Types of Propaganda:

Bandwagon Propaganda.

As humans we generally have a desire or drive to fit in. We’re interested in what’s trending for these reasons. When someone is trying to convince you that everyone else is doing it, they might be propagandizing you. In court reporting this is fairly common, software vendors will try to convince you to get on the new thing because everyone is getting on the new thing, but really they just need you buying equipment to feed the economic engines.

Card Stacking Propaganda.

This is about mentioning the positives without the negatives. Stacking all those positive cards on top of each other so that you don’t look at the negatives underneath. To be fair, this is actually a presentation technique and life tip, and I use it often, so I can’t knock it.

Plain Folk Propaganda.

This form of propaganda deals with displaying regular, relatable people and faces in advertising. It can kind of tie into the idea that “normal people” use a product or service being pitched.

Testimonial Propaganda.

This is about getting popular or famous people to pitch a product or service and is viewed as the opposite of plain folk propaganda. This tries to display people you look up to using a product or service so that you use it too.

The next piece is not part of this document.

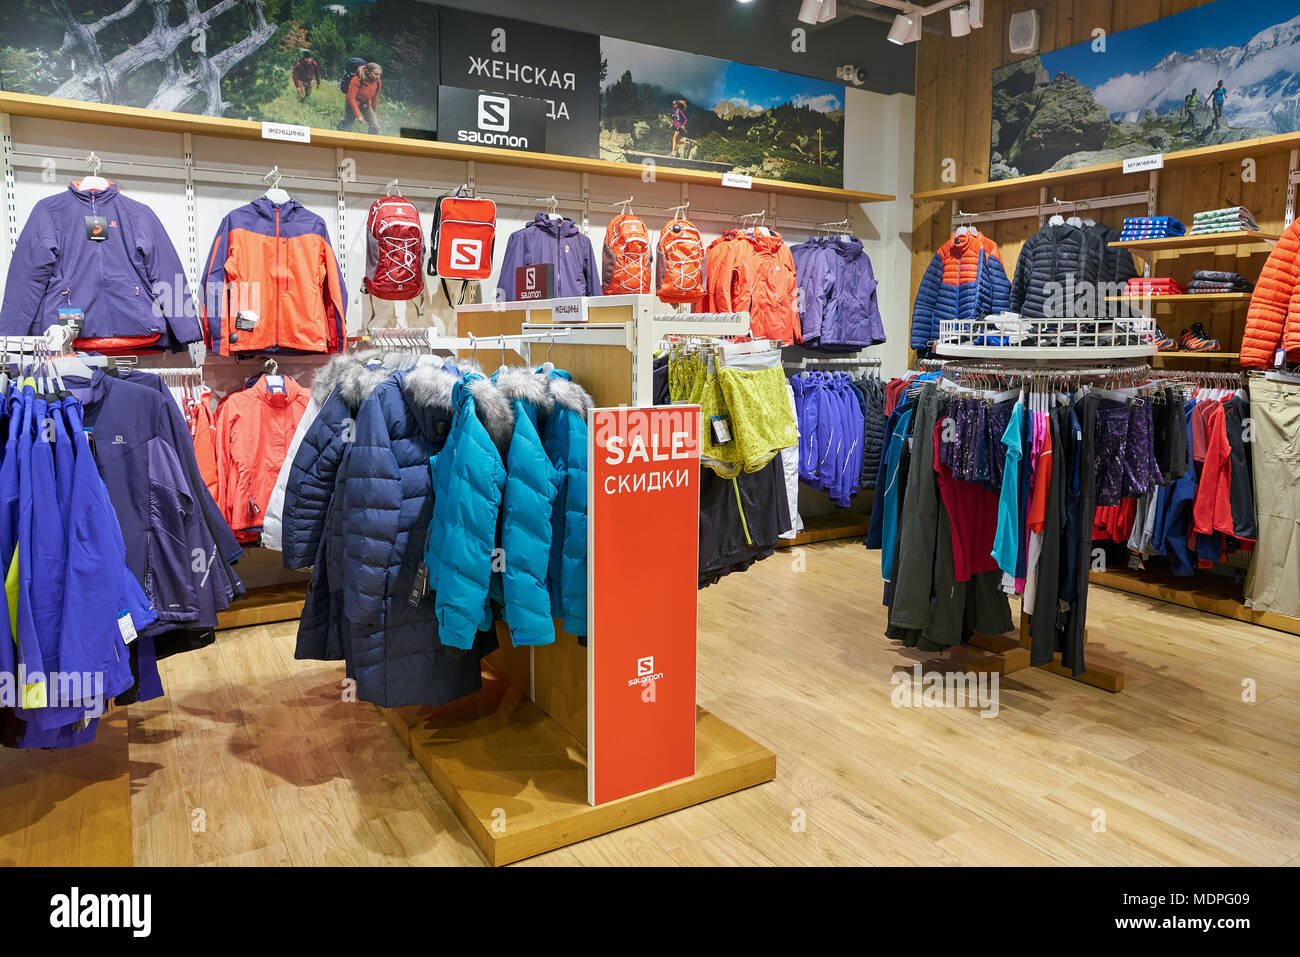 SAINT PETERSBURG, RUSSIA - CIRCA OCTOBER, 2017: inside Salomon store in Petersburg. The Salomon Group is a sports equipment manufacturing compan Stock Photo - Alamy

Glittering Generality Propaganda.

This is when they use corporate speak that doesn’t really mean anything. Things like “we’ll be there for you” or “on your side.” Things that make you feel good, but don’t really convey a message or promise.

Name Calling Propaganda.

This is pretty rare in the corporate world, which is why I use it. This is exactly what it sounds like. Characterizing people. Calling people names. A fraud, a fake, a liar. It’s nasty stuff. I think my first use of this was when I called Frank N Sense a monster. Still kind of a monster. They posted that the NCRA board should resign. I honestly can’t agree. The NCRA board has the profession’s best interests at heart. Everybody has to follow through with what they know and believe in their hearts. It’s going to be just a little different for each of us. But I think they’re doing a damn good job this year and last. But anyway, name calling, yeah.

Transfer Propaganda.

This is when the propagandist uses something they believe will resonate with you in their messaging. Things like using a person’s religion to sell them things, or as I’ve said from our field, the “democratization of technology.” Most people like democracy, right? Transfer propaganda! If they’re using a vague concept related to something you love, it might be a flag.

Ad Nauseam Propaganda.

This is about messaging. Constant messaging so that you remember the brand. When I’m feeling healthy, I’m a little guilty of this, because I can write a lot more.

Stereotyping & Appeal to Prejudice Propaganda.

This is a big one. Pretty much every major player on the field is using this one against court reporters right now. We all have certain beliefs about digital reporters. We saw it when Verbit called them low skill. We see it when it’s used as a motivator to get people engaging with associations. We see corporations using it to eradicate us, pretending we’re obsolete because that’s our stereotype. The bottom line is that these players understand you. They understand how you think and what you like and don’t like. They understand how you feel about yourself. They’re going to be thinking about how to extract more money from you using that information. This was also effectively used to divide reporters, because for the last decade we were all on this “realtime is the future, everyone must tech up” drive, getting down on people who didn’t play the tech consumer game, and then when everybody sold enough equipment and training there, they packed up and went digital. This is why I have identified group think as dangerous to the profession. If they know us too well, they can manipulate more dollars out of us without giving us enough benefit.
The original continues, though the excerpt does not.